Personal information
- Born: January 12, 1996 (age 30) Washington, D.C., U.S.
- Listed height: 6 ft 6 in (1.98 m)
- Listed weight: 225 lb (102 kg)

Career information
- High school: St. Andrew's School (Barrington, Rhode Island)
- College: Notre Dame (2014–2018)
- NBA draft: 2018: undrafted
- Playing career: 2018–present

Career history
- 2018–2019: Canton Charge
- 2019: Milwaukee Bucks
- 2019: →Wisconsin Herd
- 2019–2020: Darüşşafaka
- 2020–2021: Strasbourg
- 2021–2022: Karşıyaka
- 2022–2024: Maccabi Tel Aviv
- 2024–2026: Fenerbahçe
- 2026–present: Maccabi Tel Aviv

Career highlights
- EuroLeague champion (2025); FIBA Champions League MVP (2021); All-FIBA Champions League First Team (2021); FIBA Champions League Top Scorer (2021); 2× Israeli Premier League champion (2023, 2024); Israeli League Cup winner (2022); 2× Turkish Super League champion (2025, 2026); 2× Turkish Cup winner (2025, 2026); Turkish Super Cup winner (2025); LNB Élite MVP (2021); All-LNB Élite First Team (2021); Third-team All-American – AP, SN (2017); First-team All-ACC (2017);
- Stats at NBA.com
- Stats at Basketball Reference

= Bonzie Colson =

American basketball player (born 1996)

Bonzie Alexander Colson II (born January 12, 1996) is an American professional basketball player for Maccabi Tel Aviv of the Israeli Ligat HaAl and the EuroLeague. He played college basketball for the Notre Dame Fighting Irish.

==Early development==
Colson, the son of a former Rhode Island player who went into college coaching, played high school basketball in that state at St. Andrew's School in Barrington, as well as AAU basketball with Boston Area Basketball Club. He developed as a pure post player, but was abnormally short for the position—during a basketball camp in summer 2013, he measured at 6 ft 4.5 in in shoes. Despite his physical stature, advanced statistics showed him to be unusually effective in the frontcourt; in July 2013, Colson had the top player efficiency rating (PER) among frontcourt players in Nike's Elite Youth Basketball League.

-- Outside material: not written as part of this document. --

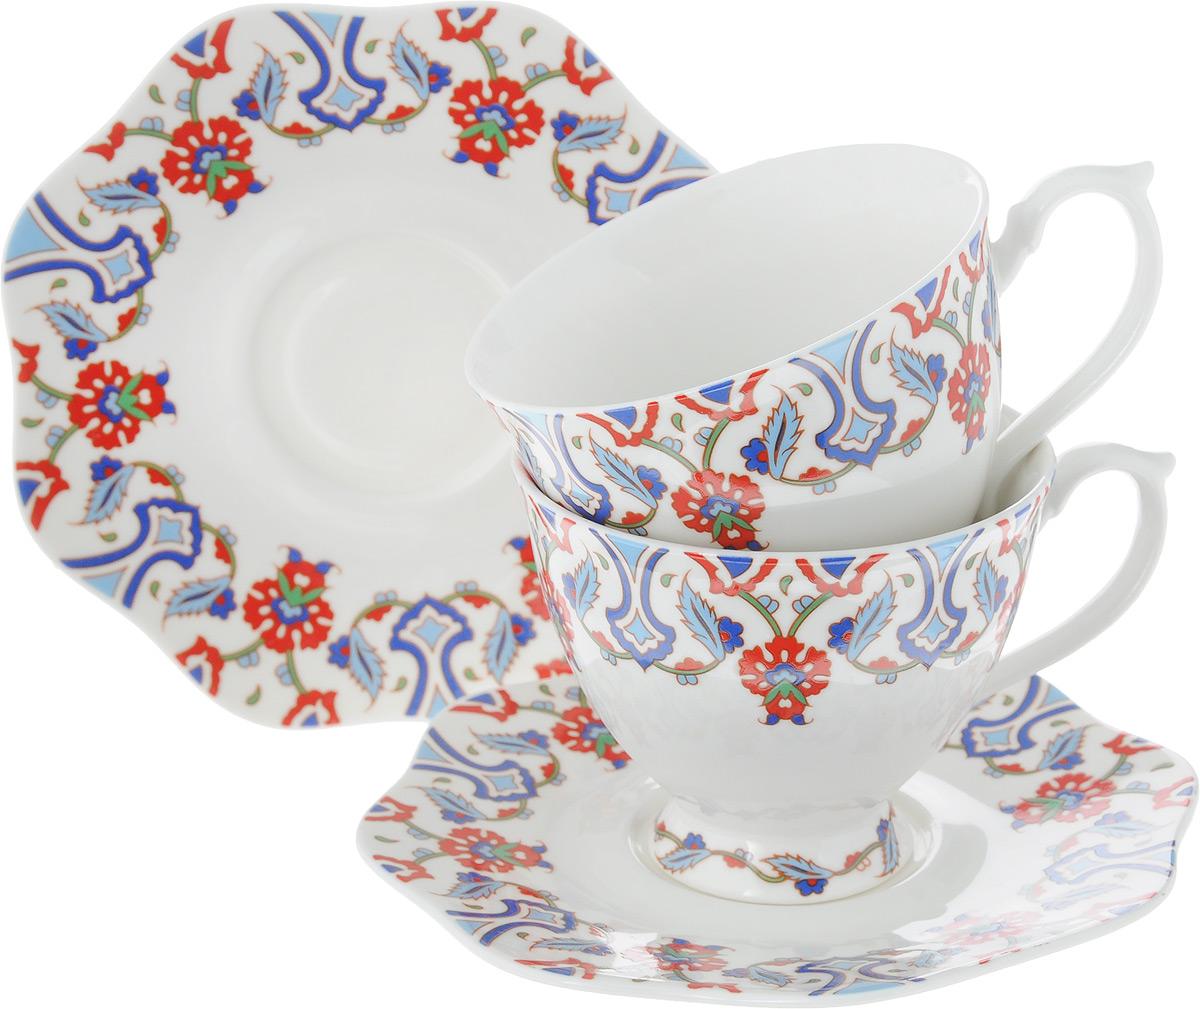 """Чайный набор """"Loraine"""" на 2 персоны выполнен из высококачественного костяного фарфора - материала, безопасного для здоровья и надолго сохраняющего тепло напитка. В наборе 2 чашки и 2 блюдца. Несмотря на свою внешнюю хрупкость, каждый из предметов набора обладает высокой прочностью и надежностью.    Изделия дополнены ярким красивым узором. Оригинальный дизайн сделает этот набор изысканным украшением любого стола.    Набор упакован в подарочную коробку в форме сердца, поэтому его можно преподнести в качестве оригинального и практичного подарка для родных и близких.  Объем чашки: 180 мл.    Диаметр чашки (по верхнему краю): 8 см.    Высота чашки: 7 см.    Диаметр блюдца: 14 см."""

While Colson was largely ignored by major programs as a frontcourt prospect, Notre Dame assistant Martin Ingelsby, who went on to become head coach at Delaware, had a very different view, based on Colson's production in both high school and AAU play, as well as a disproportionate wingspan of 6 ft 11.5 in. When Colson visited Notre Dame in September 2013, the coaching staff made Nike's PER study a major part of its pitch, convincing him that the Fighting Irish program, devoted to offensive efficiency, would be the best fit for a player of his type. He would commit to Notre Dame that October.

==College career==
In Colson's freshman season at Notre Dame, he came off the bench for 31 of his 32 appearances. He recorded a 17-point performance in a win over Duke in the semi-final game of the ACC Tournament. At the end of the season, he was named Notre Dame Newcomer of the Year. Colson appeared in 36 games in his sophomore season, starting in 24. He recorded the first 30-point game of his career on January 16, 2016, leading Notre Dame to its first victory over Duke at Cameron Indoor Stadium.

In his junior season, Colson became Notre Dame's leading scorer (17.8 points per game; 9th in the ACC), led the ACC in rebounding (10.1 per game) and was eighth in blocks per game (1.4), and was named to the All-ACC first team. He was also the first player shorter than 6' 7" to lead the ACC in rebounding since 1958.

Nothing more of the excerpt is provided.